[Haskell-cafe] 'Associative' order of calling

Tom Ellis tom-lists-haskell-cafe-2013 at jaguarpaw.co.uk
Sun Oct 25 09:19:15 UTC 2015


On Sun, Oct 25, 2015 at 10:06:00AM +0100, Janis Voigtländer wrote:
> > Chris's original question:
> >
> > Is there a name for a fold that promises to call a function such that only
> > an associative function will always return the same result. Or in other
> > words, it has the property that it promises to call a function
> > "associatively" on a set of data?
> >
> > So is the property that the function (h, say) satifises `h f = g . foldl
> f z`
> > for all associative `f`?
> 
> That makes a lot of sense, Tom, as a property of h to satisfy, while
> quantifying over associative f inside that property. (Instead of as an
> equation-definition for h in terms of foldl.)
> 
> I now wonder why any g other than the identity function should be
> necessary, though.
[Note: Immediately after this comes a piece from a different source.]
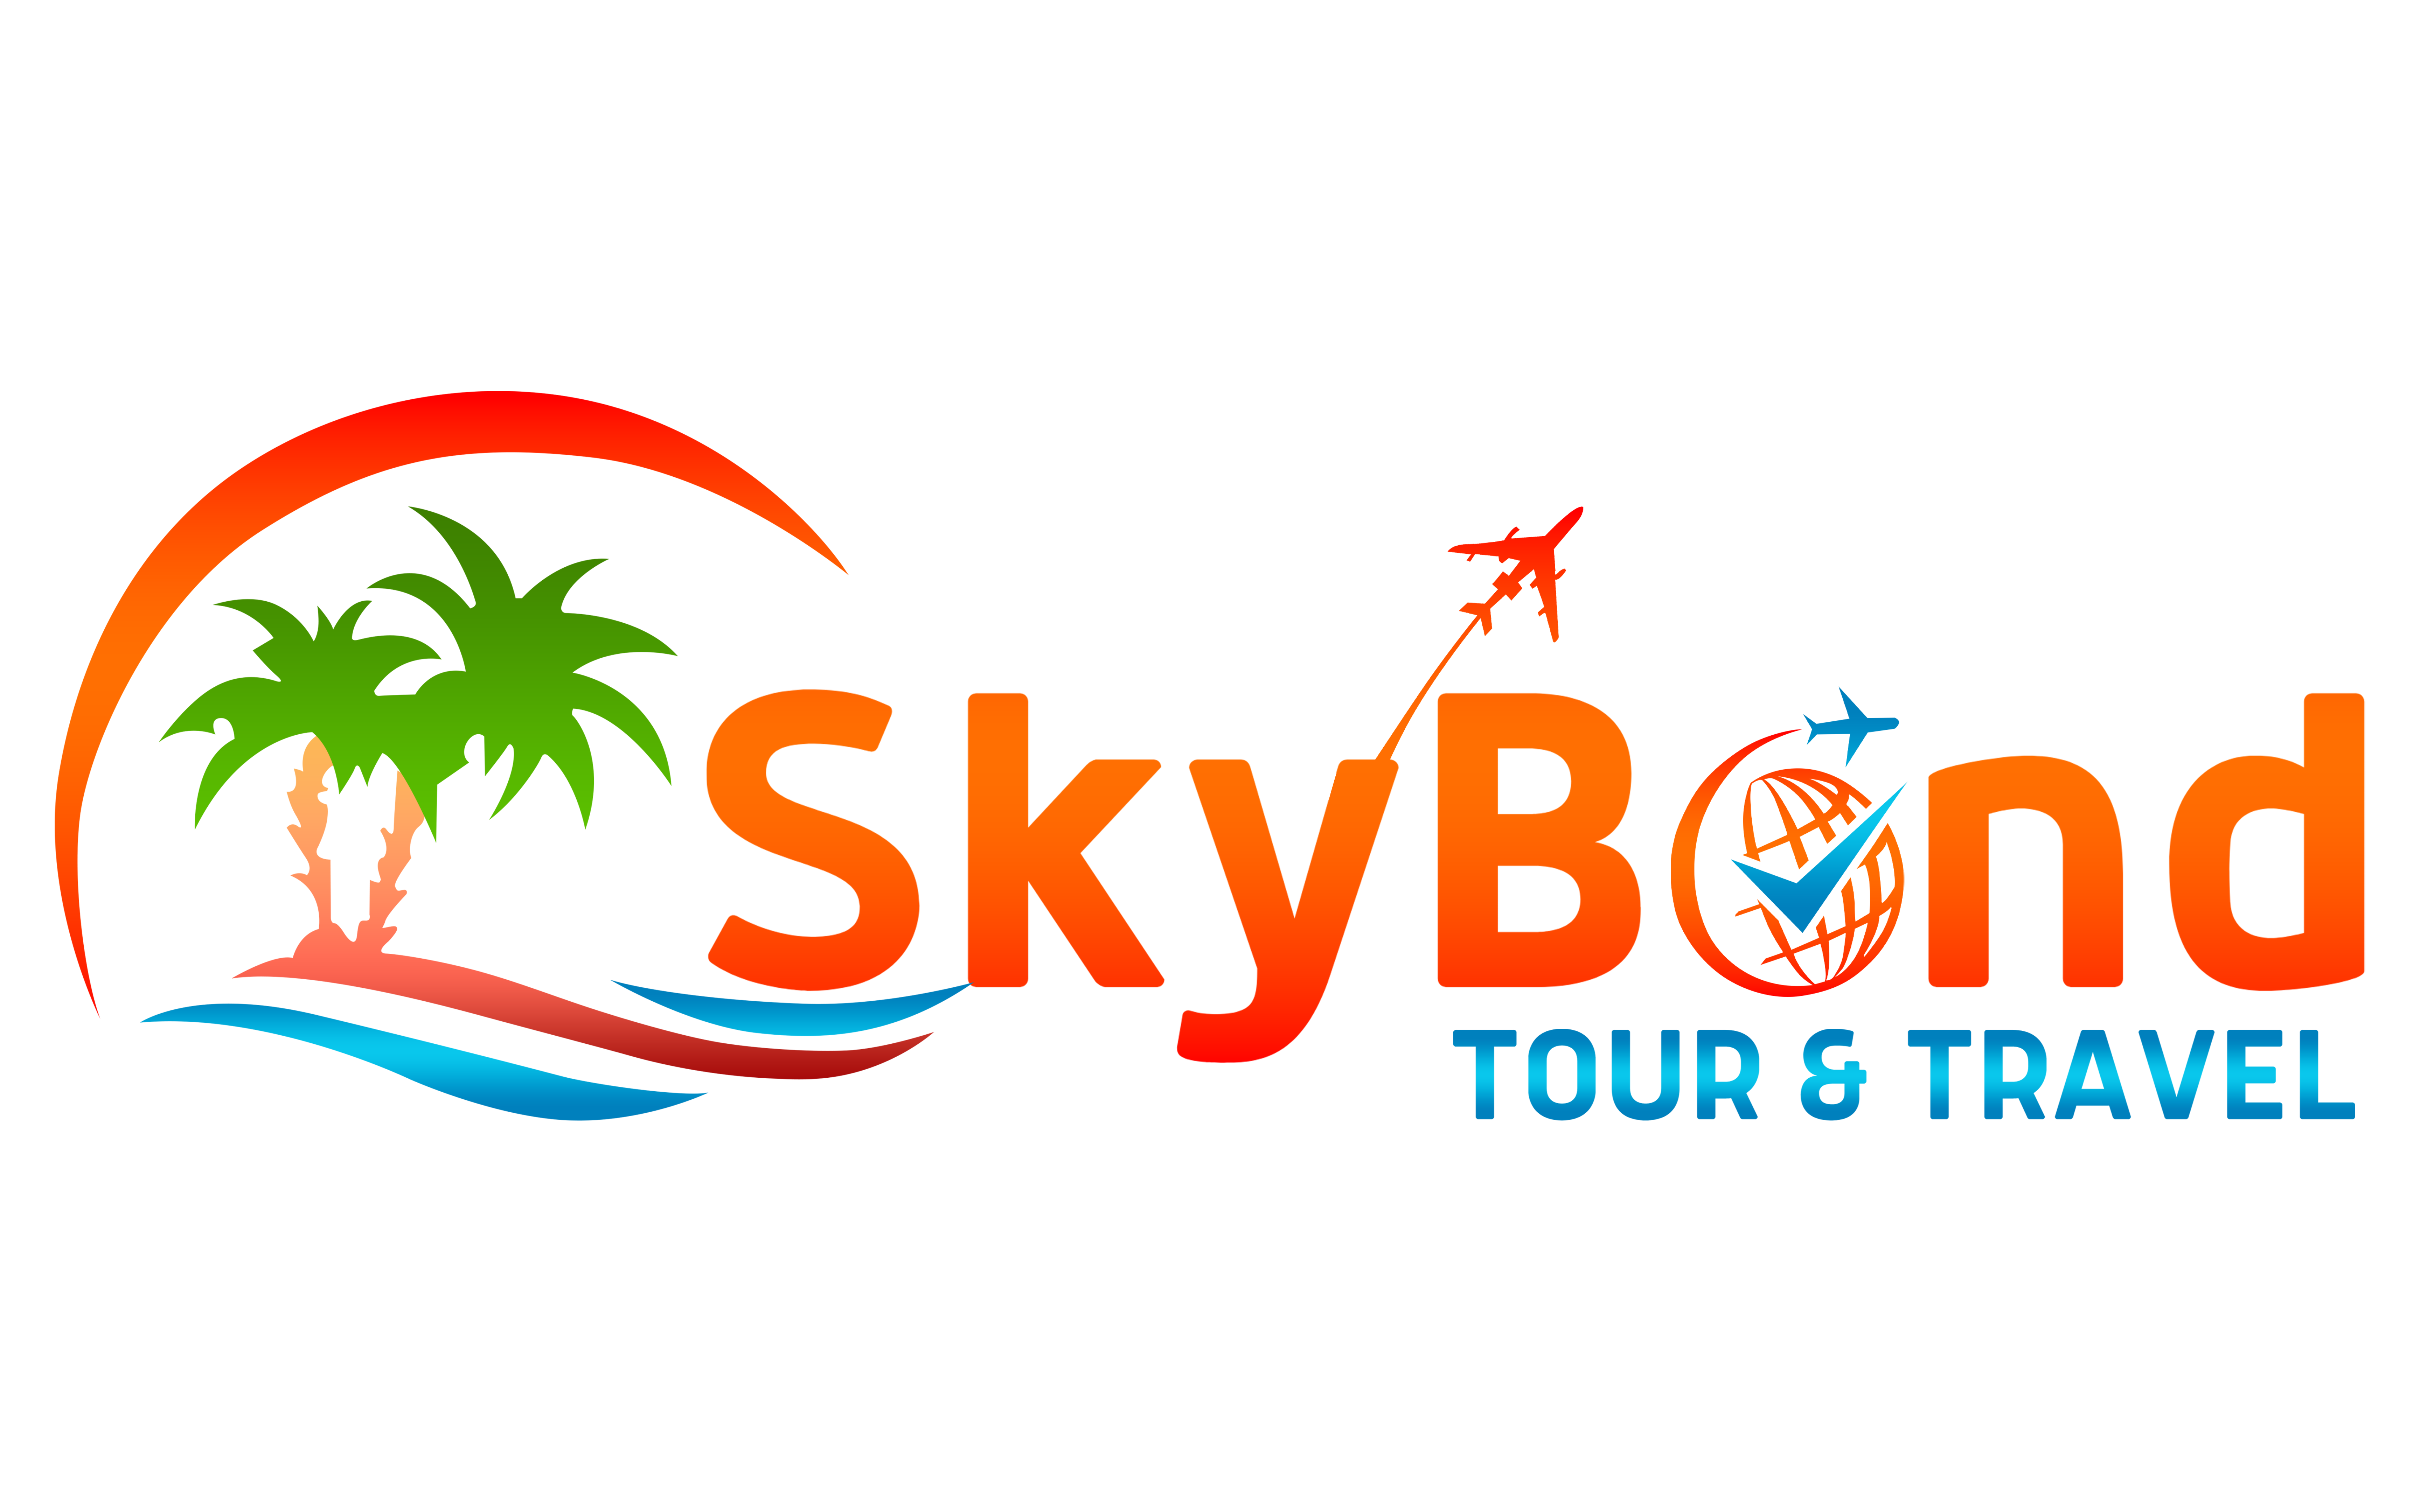 7 sky tour and travels
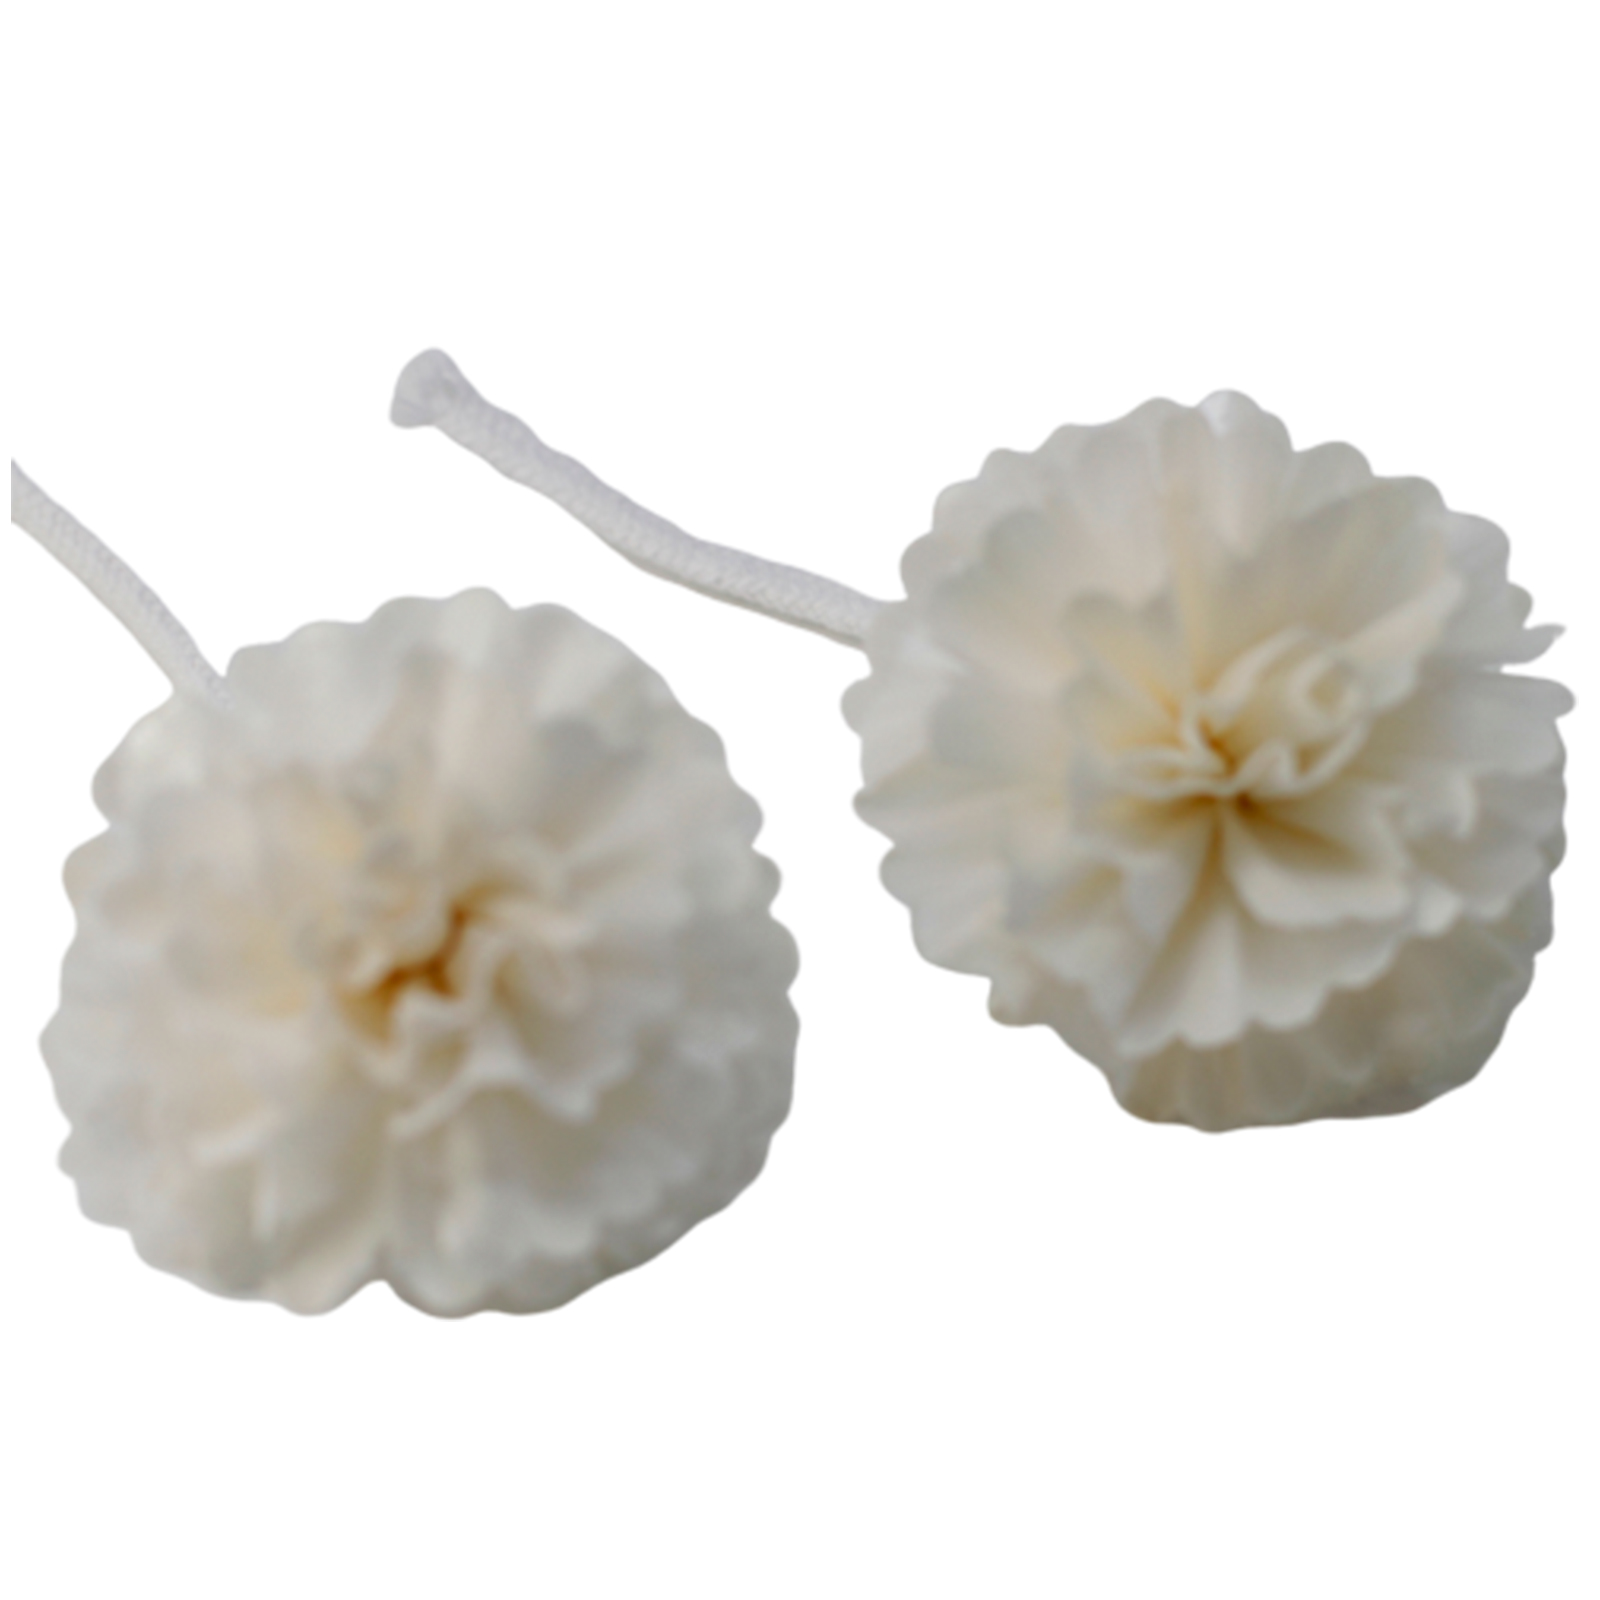 12 x Natural Diffuser Flowers - Medium Carnation on String - Click Image to Close

And for the type of non-empty lists, one should also be
> able to get rid of the z?

Chris said "Is there a name for a fold", which I originally misunderstood as
"Is there a name for a function".  I'm not quite sure how to define "fold",
but if it agrees with your definition of "fold" then your characterization
below should be fine.

> So, for the special case of non-empty lists, how about expressing the
> desired property as follows: "The function h must satisfy: for all
> associative f and all lists xs, it holds that h f xs = foldl1 f xs."